Yahtzee, the first time around when you used to be able to select dice to hold twice after the original roll, like in the regular dice game. There was some skill to that, and I loved it.

MARY

I still love the three reels and I’m grateful still be able to play Double Diamond — that’s my all-time favorite. I guess if there’s one I miss, it would be Doublejackpot. That was the game for me when I first started playing. There was no Double Diamond yet, but you could double your winnings if you got the Doubleiackpot symbols.

Others I miss are the ones where you had those bonuses on the little screen up top. You still played a three-reel game with Double Diamond or Red White and Blue, but on this other screen there would be 7s racing. If you got a blue 7 on the reels, it would advance the blue 7 in the race. It was a nice extra when one of the 7s won the race and you got the bonus.

VAL

I miss the Slotto games. Remember those? They were three-reel games and on top they had a blower with those numbered lottery-style balls. That’s where you’d win your bonuses, on the Slotto part.

Some of them were really clever. I remember one was Popcorn, with the machine made up like an old-time popcorn wagon and the Slotto balls in yellow to mimic buttery popcorn. It was all kind of gimmicky, but fun.

FRANCIS

Piggy Bankin’ — I loved that game. I guess it would pretty primitive now. It was three reels, and the bonus was just dots on a black screen.

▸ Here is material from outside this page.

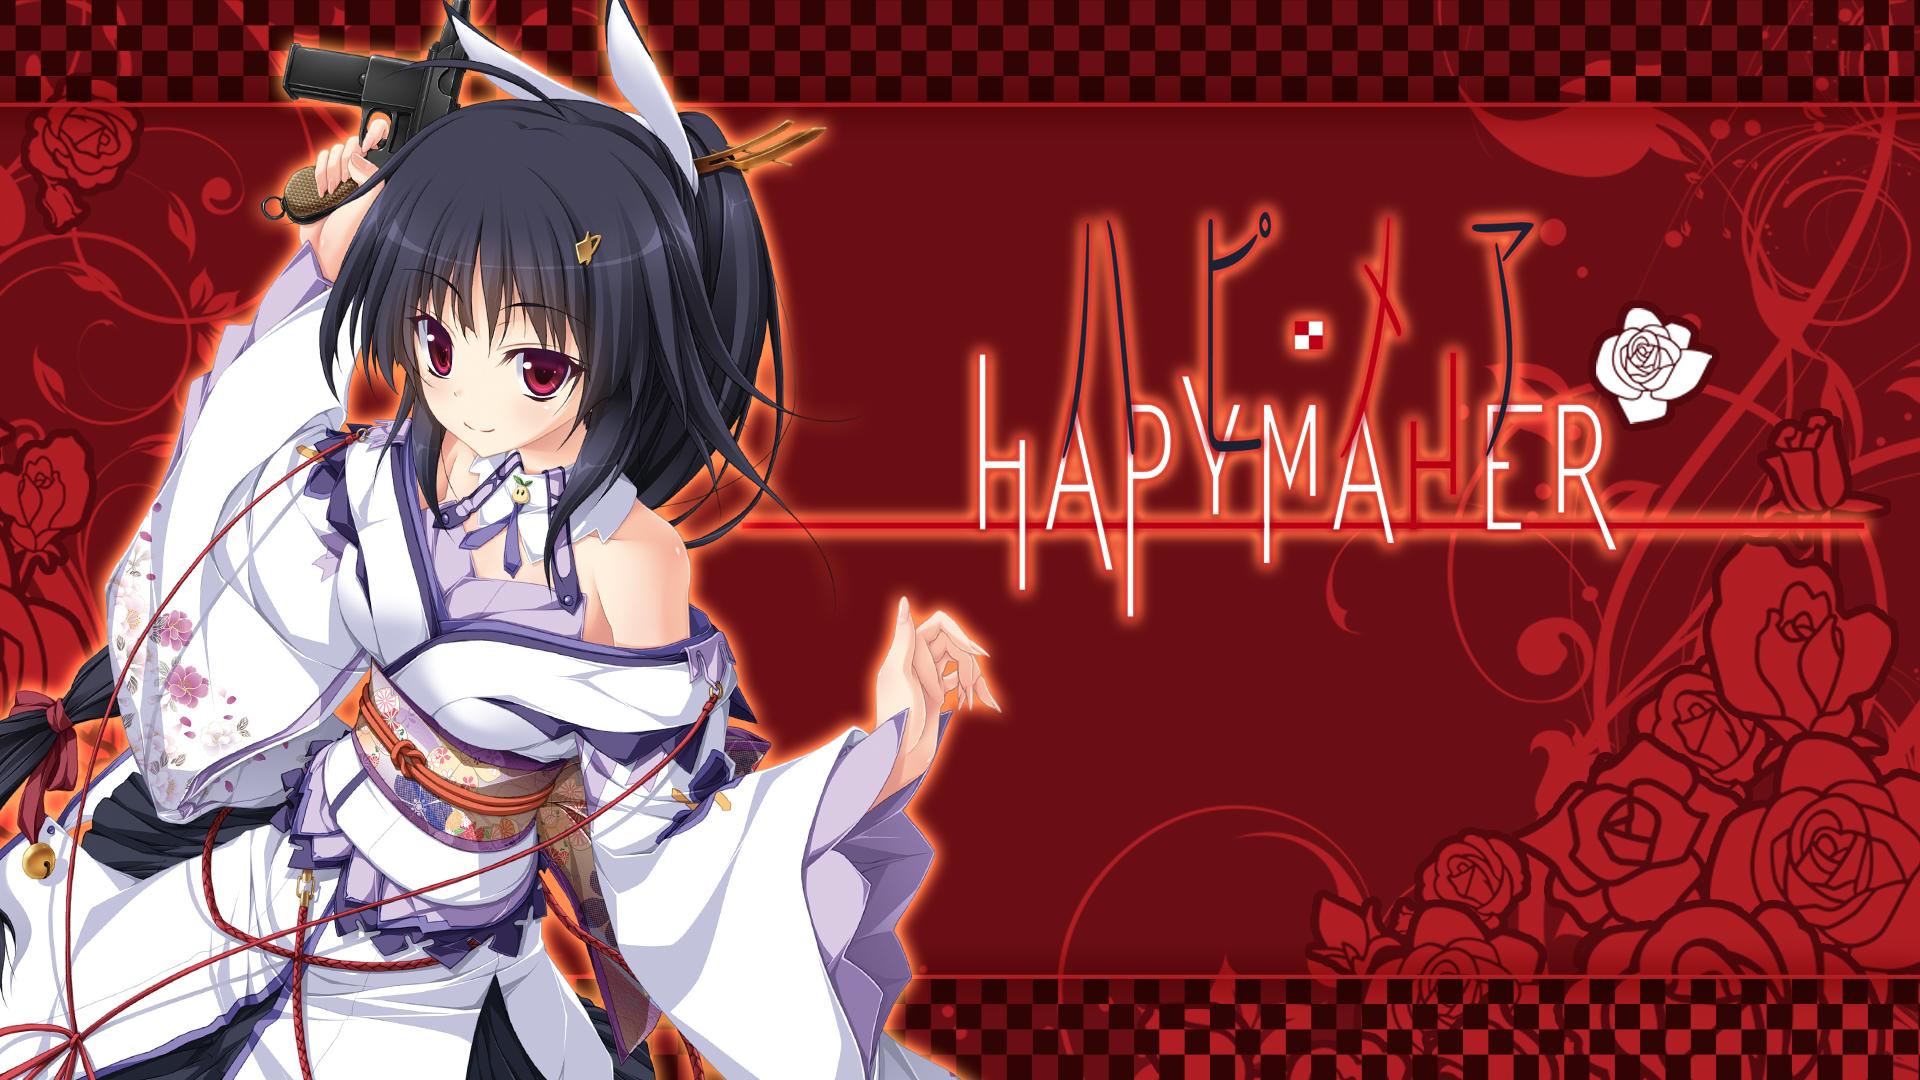 Hapymaher Pics, Anime Collection
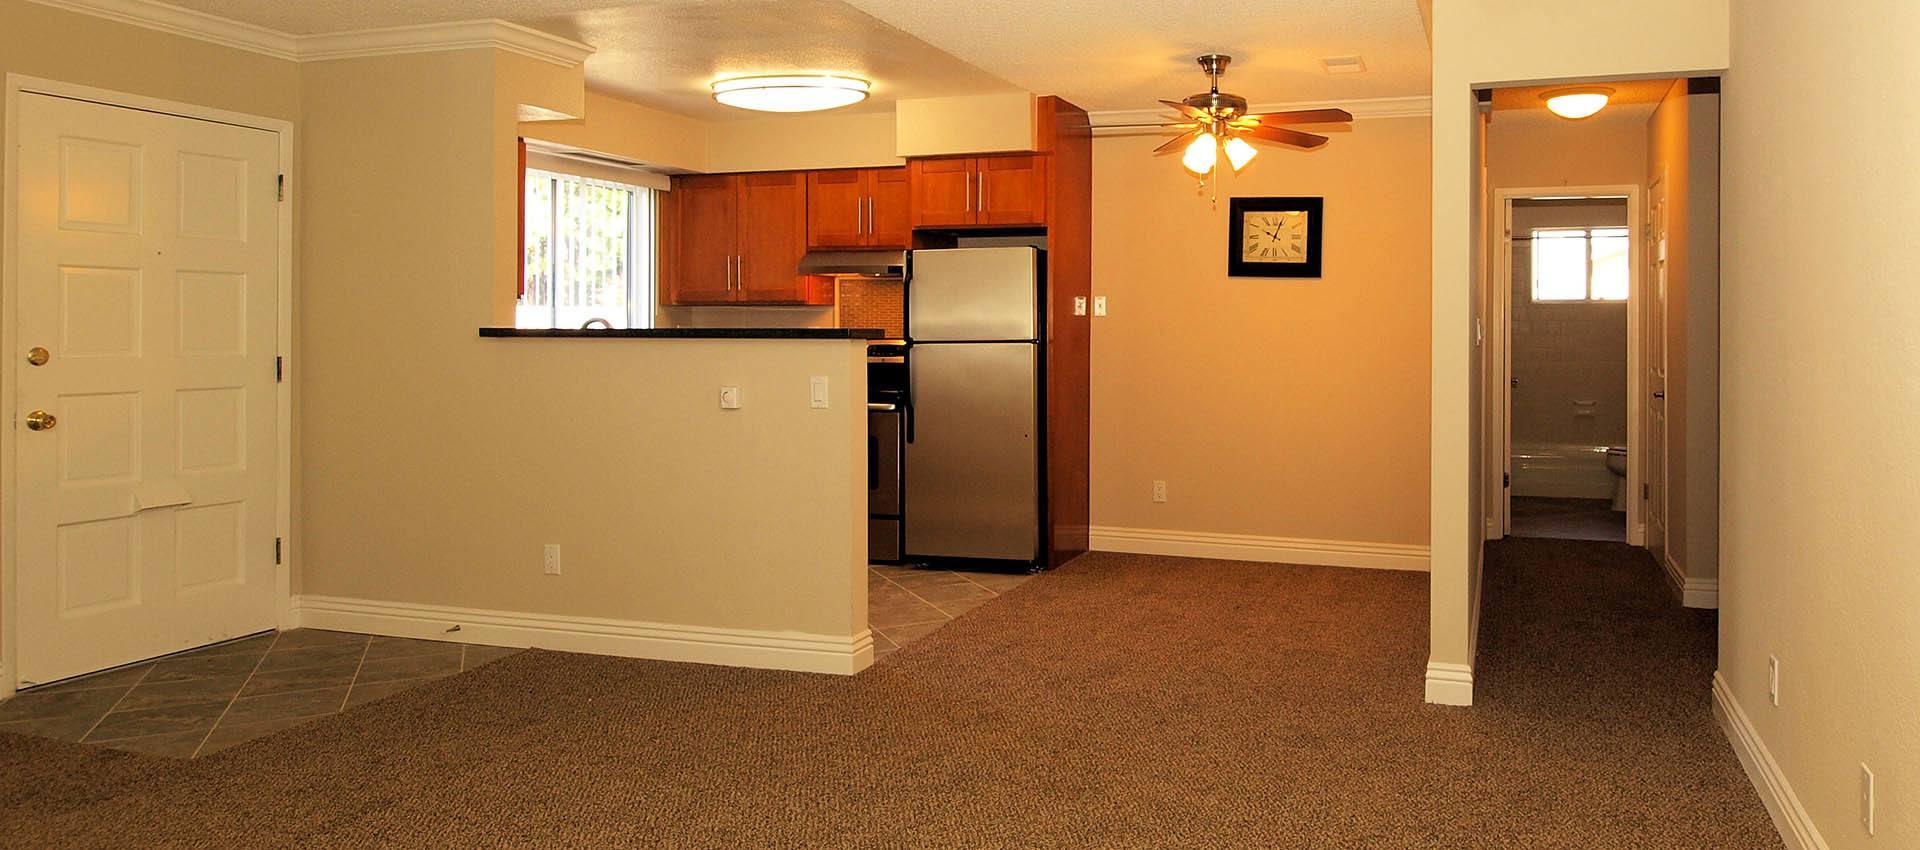 Living room and kitchen at Spring Lake Apartment Homes in Santa Rosa, CA

There was nothing like it then. We didn’t have all these different bonuses. When you got the reel symbol to break the bank and the animation would have a hammer shatter the piggy on the screen to give you the coins inside, that was exciting.

Maybe nobody notices it now, but maybe it could be retro chic. Anyway, I miss it.

LOUISE

Is it too soon to say I miss The Hangover? l know that’s not that long ago, but I can’t find it anywhere anymore. I wish casinos would have a classic games area where you could go play all the old favorites. I know I’d play.